Institutional sections highlight projects, research, courses and publications of Archnet partners. The Pedagogy Project provides access to syllabi, course information, and pedagogy with a special emphasis on Islamic architecture. The items in the collection come from academic institutions around the world. Timeline provides a visual representation of some of the most often studied period and sites in the history of Islamic architecture.

===IJAR===
The ArchNet International Journal of Architectural Research (IJAR) is an online academic blind-reviewed publication on architecture, planning and built environment studies. The journal “aims at strengthening ties between scholars from different parts of the world” as well as bridging the gap between the theory and practice of Architecture with a special focus on architecture and planning in the developing world. The concept of the journal was first developed in 1999 when Shiraz Allibhai, then a project officer with the Aga Khan Trust for Culture, was responsible for coordinating the efforts of creating Archnet. The journal was developed at the MIT School of Architecture and Planning with the support of the Aga Khan Trust for Culture and debuted in March 2007 and is currently under the editorship of Ashraf M. Salama.
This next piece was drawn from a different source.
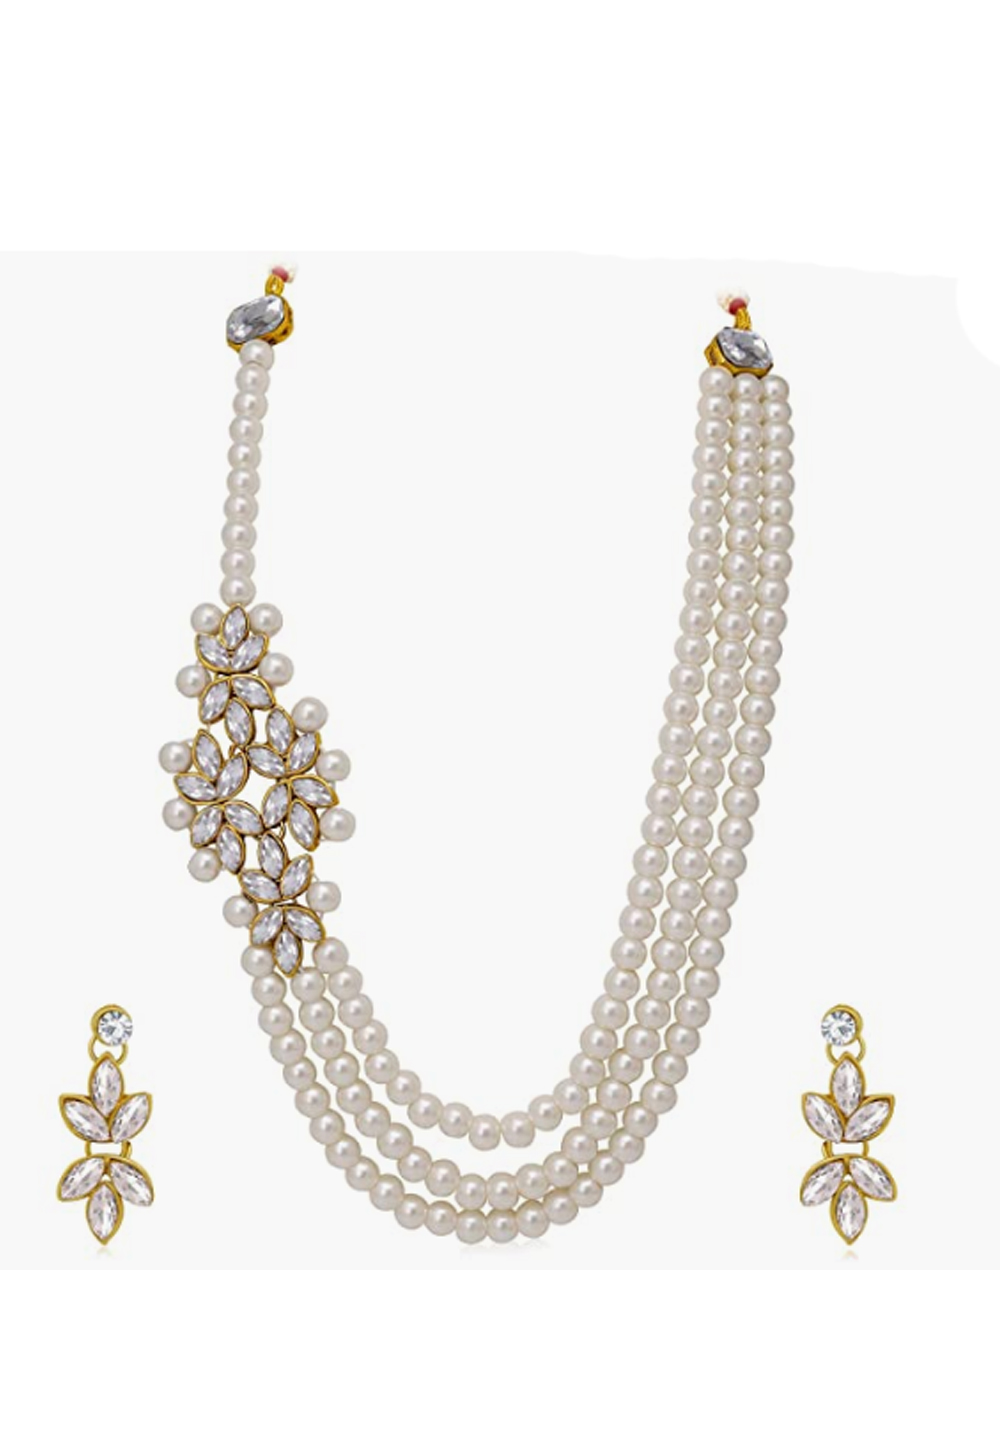 Off White Alloy Austrian Diamonds And Kundan Necklace Set With Earrings 260969

It is published by Archnet three times a year (in March, July and November) on the internet.

The journal typically features articles written by architects, interior designers, planners, and landscape architects working at both public and private institutions. It addresses academics, practitioners, and students of architecture and interior design and in general those who are “interested in developing their understanding and enhancing their knowledge about how environments are designed, created, and used in physical, social, cultural, economic, and aesthetic terms”.